From across the street, I saw them shaking hands thanks to Grannie’s floor to ceiling windows lining the front of the shop.
I should warn her those windows are a safety issue.
Who was I kidding? John probably had bulletproof windows installed.
“What’s your business with Miss Novak?”
Gibson handed them each a card. “I’m here to discuss a personal matter.” He sounded perfectly polite and professional.
“Bullshit.” Jay coughed into his hand just as I walked into the shop.
“Hey John, Jay,” I greeted my uncle and cousin.
“Austin.” John’s greeting was more question than welcoming invitation.
“Is he with you?” Jay used his head to indicate Gibson.
Blowing our cover wasn’t in the game plan, but there wasn’t much else I could do.
Playing down my role as a CIA field officer, I said, “He’s helping me. Is there somewhere we can talk?”
“I’ll ask if we can use Mary’s office. Wait here.”

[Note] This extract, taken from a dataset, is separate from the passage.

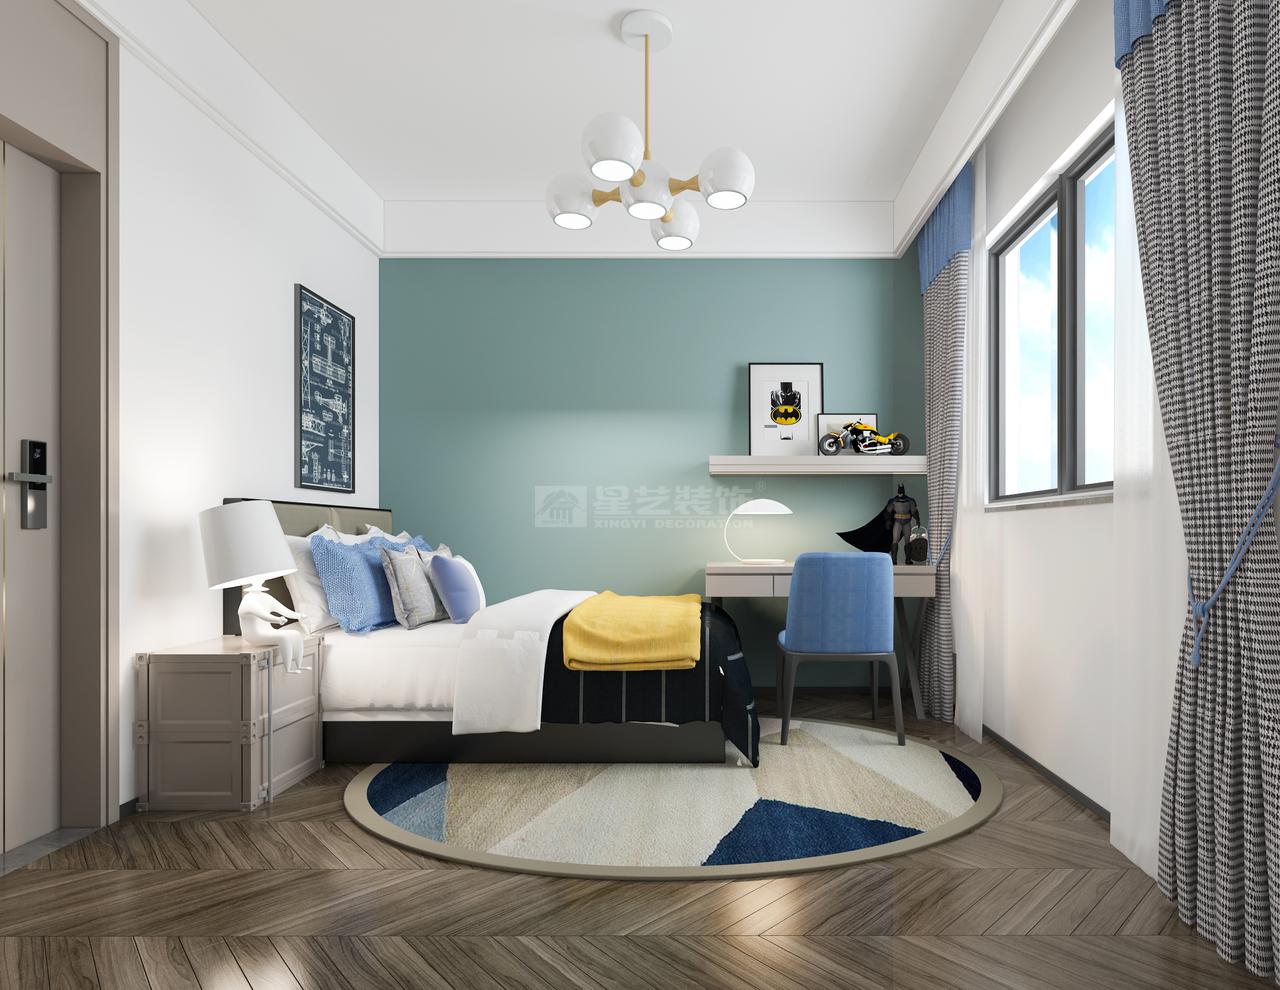 浅灰绿的背景,搭配矢车菊蓝、柠檬黄,打造轻松休闲的空间。黑白格纹的窗帘,床头柜的台灯,细节之处尽显艺术趣味与生活品质。
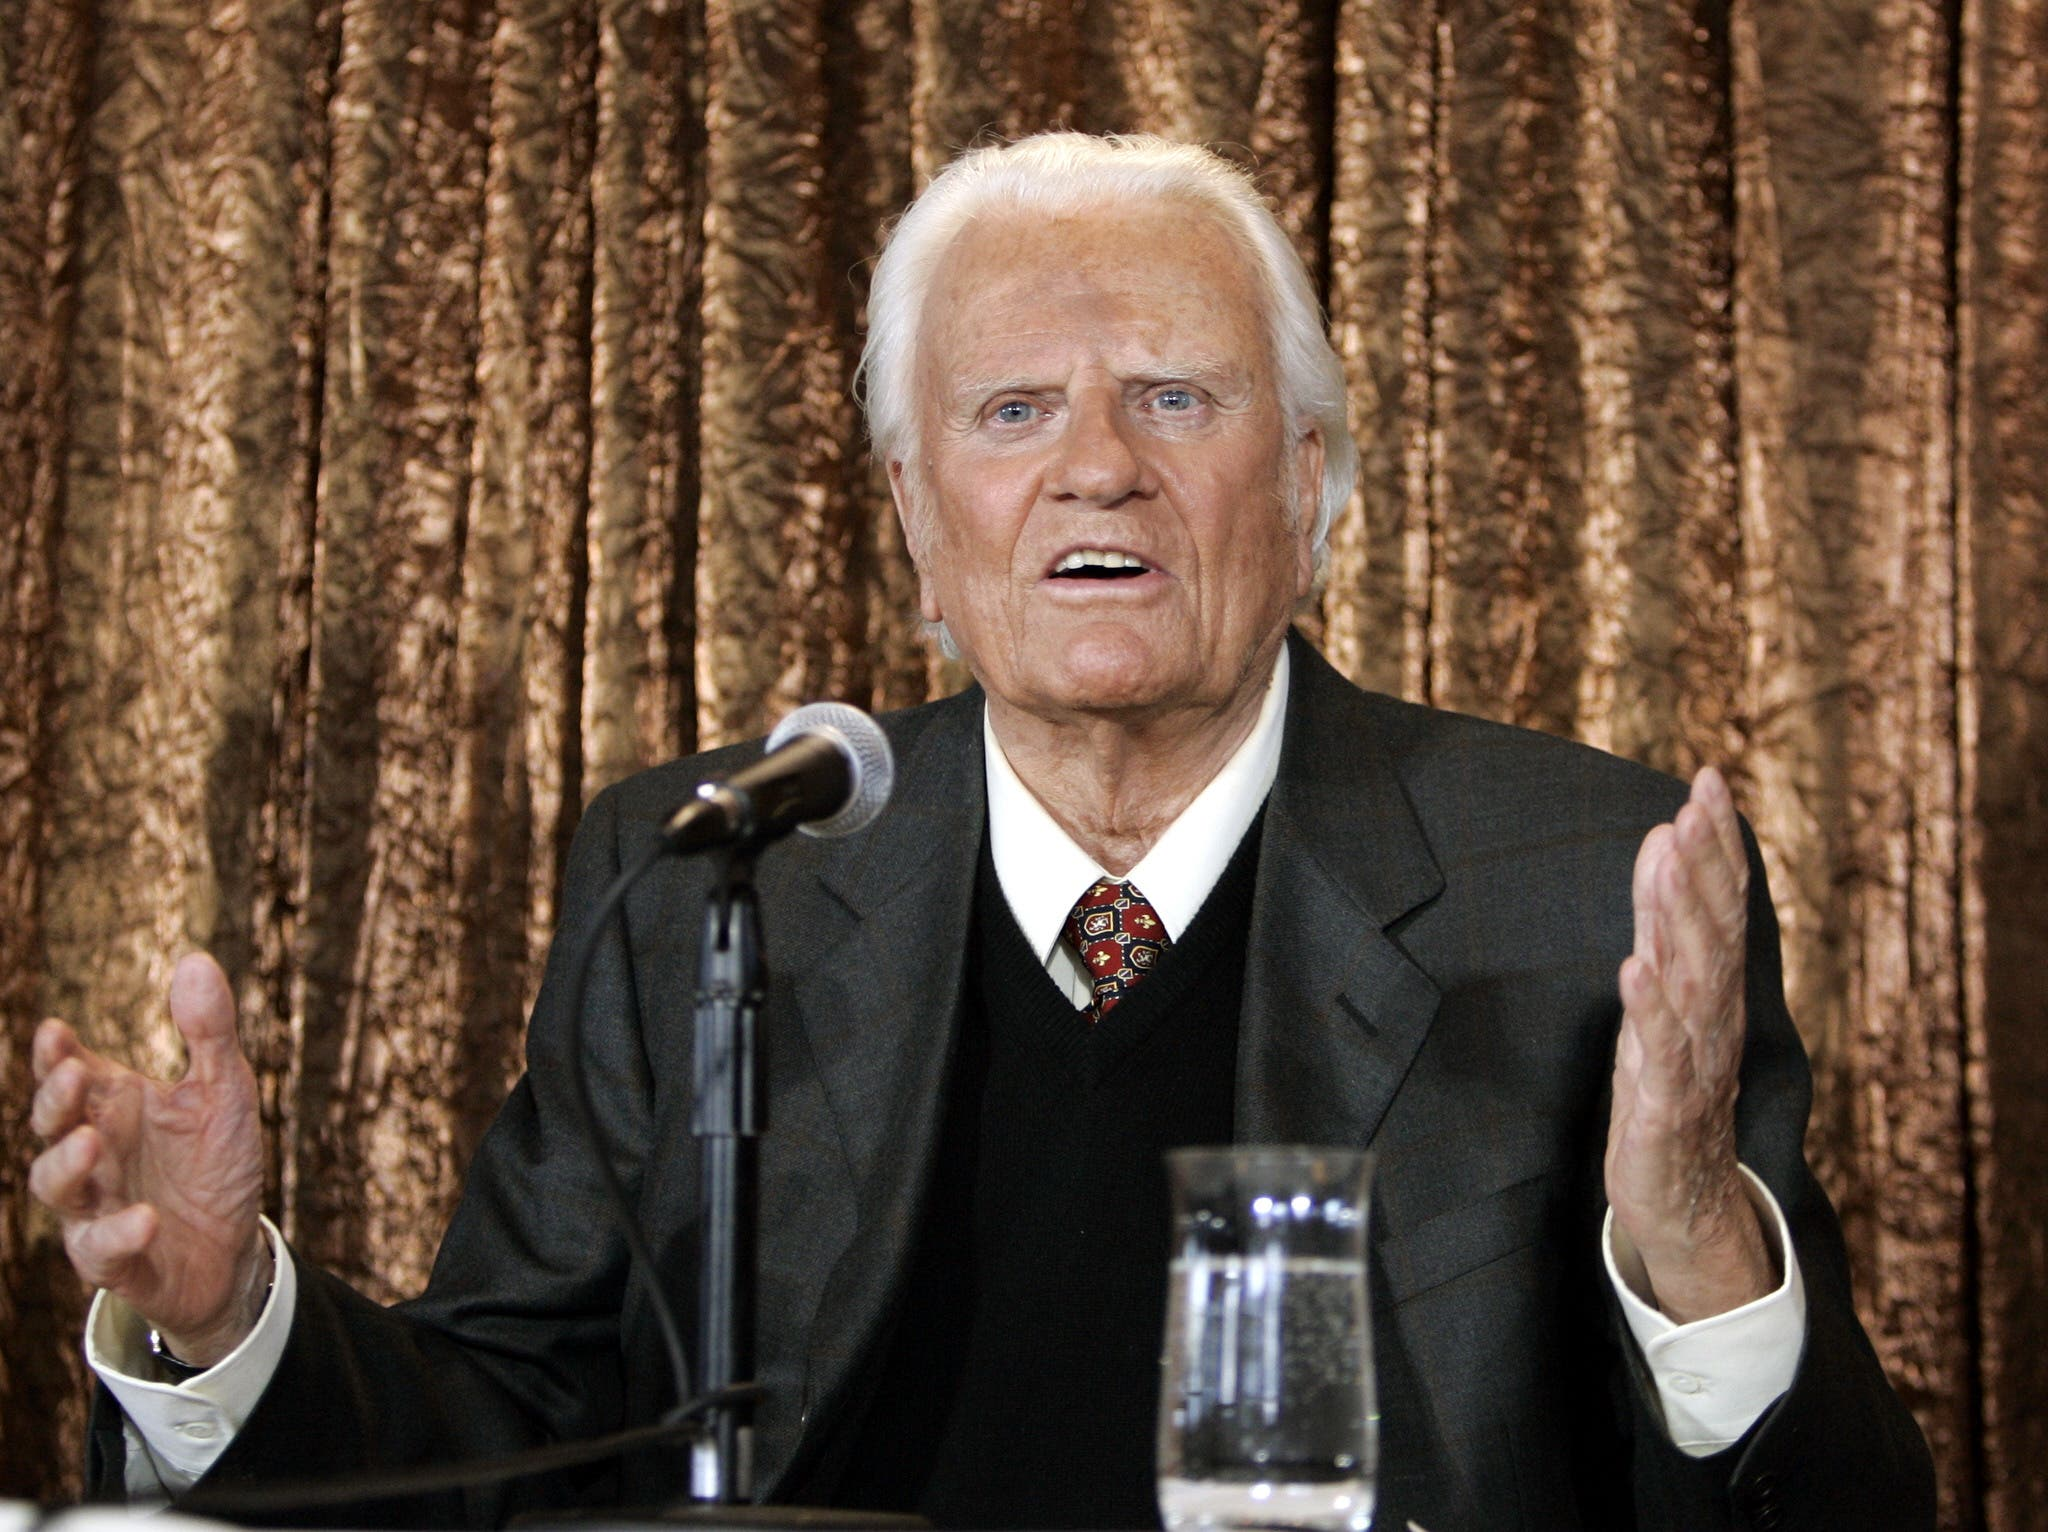 (Archivo)El evangelista Billy Graham murió en su casa en Carolina del Norte a los 99 años. / AFP / Timothy A. CLARY

“Do insurance agents always wear comms?” Jay asked after his father was out of earshot. “And work with government logistics personnel?”
Of course he’d noticed.
“It’s complicated,” I answered.
“Uncomplicate it.”
I appreciated Jay’s straightforward approach, but it wasn’t that easy.
“In time.”
“Now is a time.”
“Let it go,” G said, adding a little bark to his bite.
When I said “Stand down, G,” Jay made a production out of reading the card aloud, annunciating every syllable carefully.
“Timothy Jones. Not a G in sight.”
“Sheppard,” I growled.
My warning meant less than nothing to Jay.
“Winchester.”
His meant as much to me.
“Mary said we can use the break room,” John called from the counter.
“Can we talk to Nina?”
“Not until I get answers.”
“Who put him in charge?” Gibson whispered as we followed John.
“Your idiot friend did when he showed up the other day,” Jay answered.
Gibson and I shared a look. What the fuck is he talking about?